Thursday, October 1, 2009

Countdown to Chloe's EDD --- 13 Days to go


It's an old cliche, but how fast time flies... today is already 01 Oct . October had been the month that I was eagerly looking forward to since Feb 09, when I first discovered I was pregnant. Chloe was supposed to be due on 14 Oct. Finally, my long-awaited October is here, but so what? All the excitement has gone, the anticipation is no more, there is nothing to look forward to, I don't have a baby due on 14 Oct 2009 anymore. That baby of mine was born and then died on 26 June 09.

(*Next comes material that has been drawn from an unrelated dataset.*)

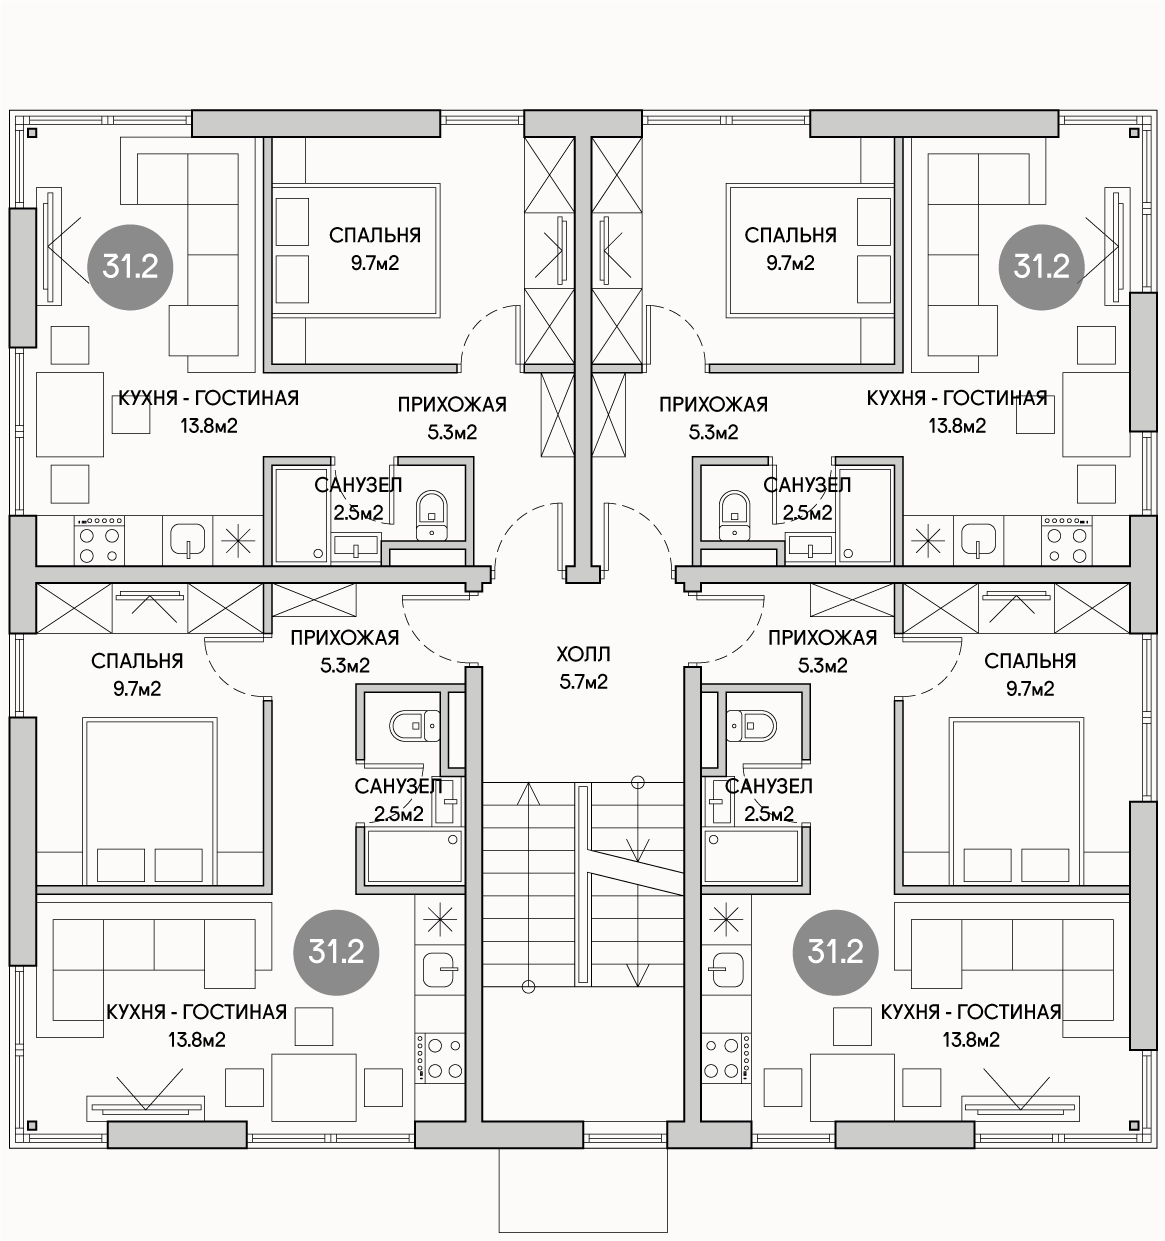 Планирока 2-го этажа в проекте Доходный дом на 16 квартир под сдачу MK-516

Now, the only feelings I have for October are pain, sadness, helplessness and fear. Yes, fear. Fear because I really don't know whether I will be able to cope mentally and emotionally on the day/ week of 14 Oct. I am afraid I will just raise the white flag and surrender to the pain and anguish, which had been a close companion of mine since 26 June. As the days go by, I can feel part of my life and myself ebbing away.. and when it reaches its peak on 14 Oct, I may very well just give in to the sweet tempation. The draw on the other side is just too strong... to be free from this pain, to be free from all the tears and to be reunited with my babies. That'd be pure bliss...

Today, I will begin the agonizing countdown to 14 Oct; the day I was supposed to become a mom to my little princess. I only held Chloe for a moment in my arms, but she'd live in my heart for a lifetime cos it is where she belongs.